You are on page 1of 2

A Comparative Study of Tax Structure of India

With Respect To Other Countries


Dr. BP Singh
Assosiat Prof., Department of Commerce, LBS College Gonda

Abstract
In this paper I tried to study the Indian tax structure in comparison with developed and
developing countries. The comparison is done by selecting a sample of five countries and
comparing the tax structure with India in terms of parameters such as gdp percentage, tax rate,
and time to tax compliance, no tax payment, ease of tax payment, and ease of use and so on. In
most of these parameters it has been established that the Indian tax structure is lagging behind
other selected countries.

Introduction

Tax is a financial levy or other levy levied by a state or a functionally equivalent person on a
taxpayer (a person or a company) to finance various government expenditures. (Wikipedia).
Taxes the structure of each country consists of a series of rules and laws set by a specific country
for tax collection by the public. The primary goal of tax collection is to increase government
revenue for development and welfare programs in the country. The secondary objective is to
raise income tax, improve the economic conditions of the general public, encourage the
production and distribution of basic demand products, suppress production and harmful products,
impede import trade and maintain economic equality. National industrial protection (Bhim
Chimoriya). The growth and development of the country is highly dependent on the tax structure
it uses. High tax rates and complex detergents inhibit growth. Complex tax systems also lead to
tax avoidance and thus to a parallel economy. Complex tax systems are also responsible for the
ease of doing business. Countries with simplified tax systems have led to the growth and
development of specific countries and to the facilitation of business activities.

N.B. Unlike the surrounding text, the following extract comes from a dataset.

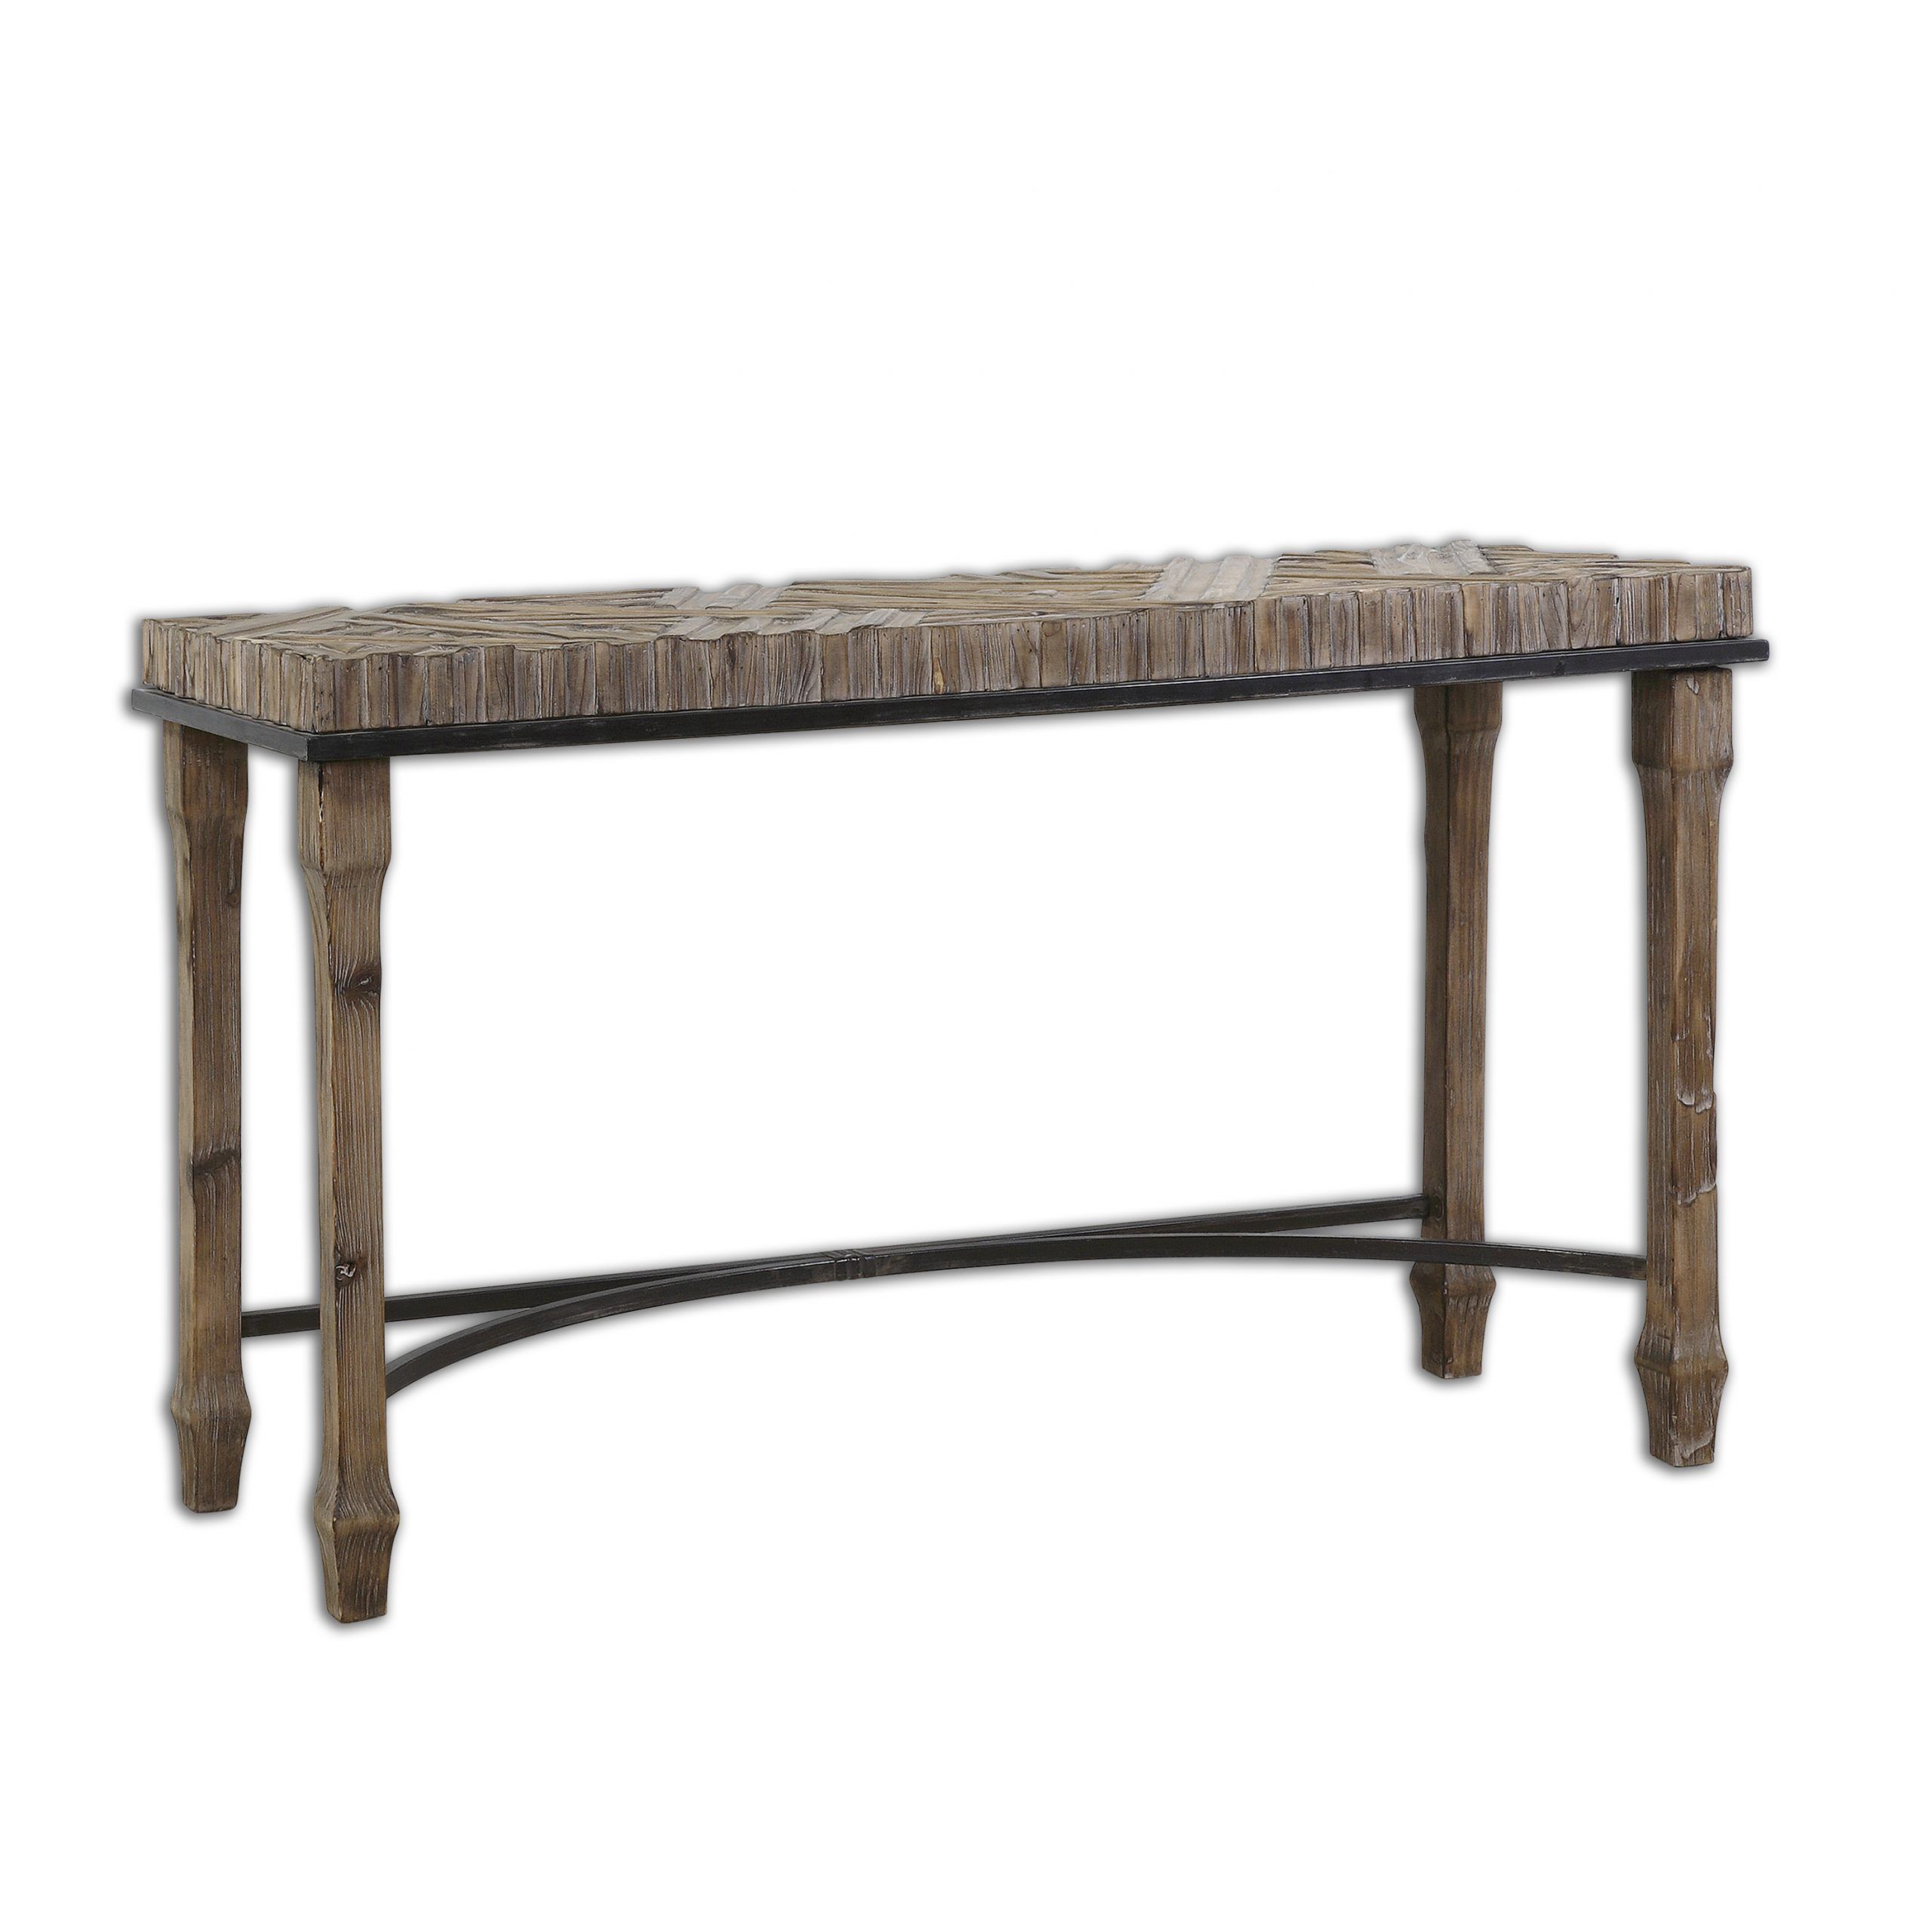 55" Agana Weathered Fir Wood & Black Metal Accent Sofa Console Table With Regard To Metal Console Tables (View 4 of 20)

Here is a summary of the tax structure for the selected country.

India: - India has a three-tier tax structure that is taxed as central government, state government
and municipal companies. In India, the Constitution gives you the right to levy taxes. There is a
clear distinction in the Constitution on taxes levied by central and provincial governments. Thus,
in accordance with the Constitution, all taxes in India are supported by their respective
corresponding laws adopted by the Congress or the State Legislative Council. In India, taxes are
classified as direct taxes and indirect taxes.

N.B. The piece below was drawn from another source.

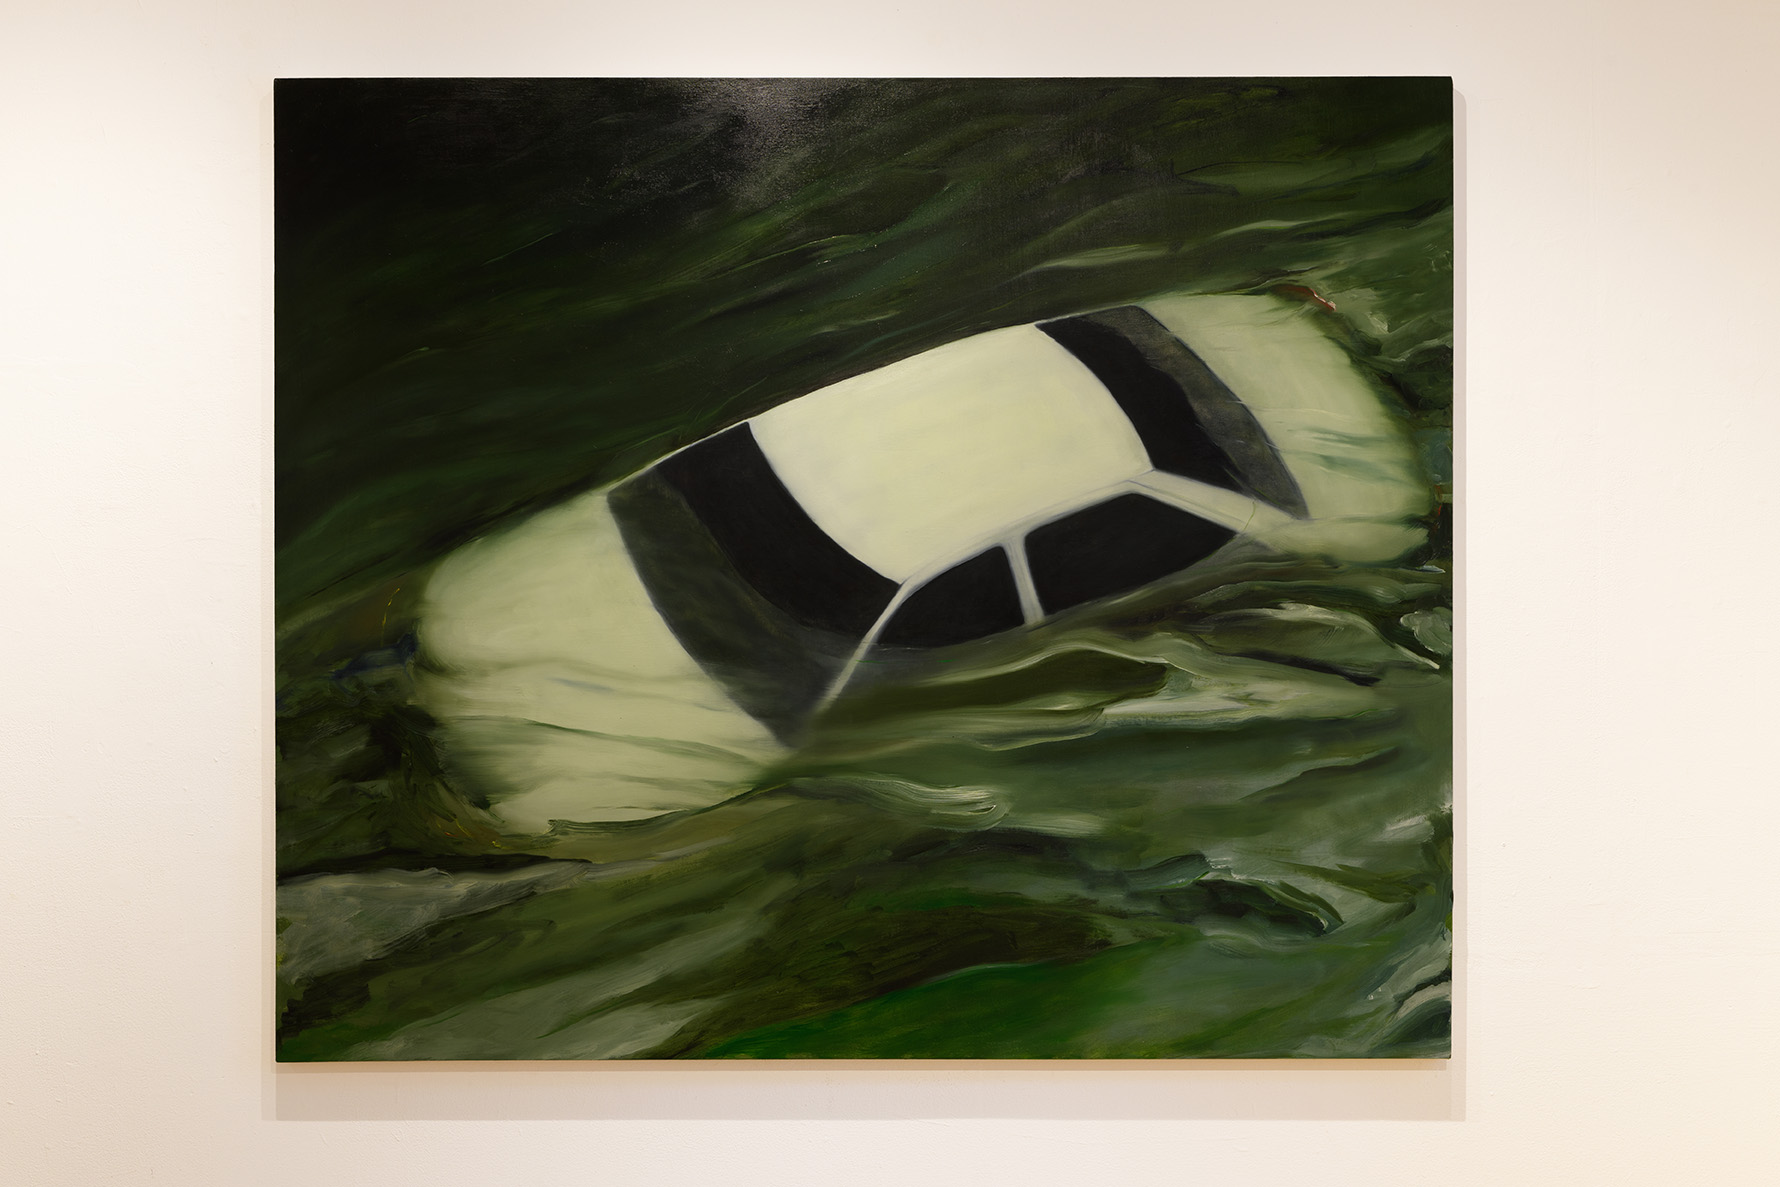 [A painting of a car submerged in dark swampy water. Rich hughes of moss, soot and ivory show a white car submerged in turbulent green water. Night has fallen. The hood of the car is white and the windows are pitch black. On close inspection slivers of red and amber indicate that the car is still on, its head and tail lights transmitting a faint glow through the murky river.]

United States: - The United States has self-government and local authorities. It is a federal
republic. US taxes are levied by both the state and the local authorities. Taxes include taxes on
income, property, sales, capital gains, dividends, assets, gifts and income. The cleaning system in

© Swaranjali Publication, 2018 243


GST Simplified Tax System: Challenges and Remedies

the United States is the progressive tax system. The tax depends on the income of the individual.
The dependence on direct taxes is greater than indirect taxes.

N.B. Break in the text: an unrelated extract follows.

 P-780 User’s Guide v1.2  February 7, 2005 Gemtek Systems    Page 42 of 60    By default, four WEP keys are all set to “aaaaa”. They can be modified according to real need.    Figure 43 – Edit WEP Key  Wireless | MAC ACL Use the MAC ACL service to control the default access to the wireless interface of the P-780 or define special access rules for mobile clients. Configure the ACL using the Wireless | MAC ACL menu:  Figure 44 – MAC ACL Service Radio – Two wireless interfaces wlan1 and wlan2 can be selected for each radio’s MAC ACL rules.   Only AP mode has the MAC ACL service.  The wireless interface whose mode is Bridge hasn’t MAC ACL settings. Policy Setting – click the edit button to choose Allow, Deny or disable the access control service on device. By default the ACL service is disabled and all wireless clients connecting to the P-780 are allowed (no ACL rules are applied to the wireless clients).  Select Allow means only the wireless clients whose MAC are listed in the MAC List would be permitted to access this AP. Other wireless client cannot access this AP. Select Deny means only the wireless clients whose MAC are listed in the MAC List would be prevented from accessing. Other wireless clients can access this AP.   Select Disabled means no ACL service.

United Kingdom: - In the UK taxes are levied at two levels: central and local. Income tax, VAT,
corporation tax and fuel tariff are imposed by the central government. Business rates, municipal
taxes, road parking costs, etc. are collected by the local authorities. Local authorities also receive
subsidies from central government funds. UK taxation is simple and easy to understand with
high administrative efficiency.

South Africa: - Like the United Kingdom, the tax in South Africa is levied at two levels: central
and local. The South African tax office (SARS) is tax collection on behalf of the State. Income
tax, corporation tax, value added tax and fuel tax are levied by the central government, but local
authorities levy local government prices and central government funds.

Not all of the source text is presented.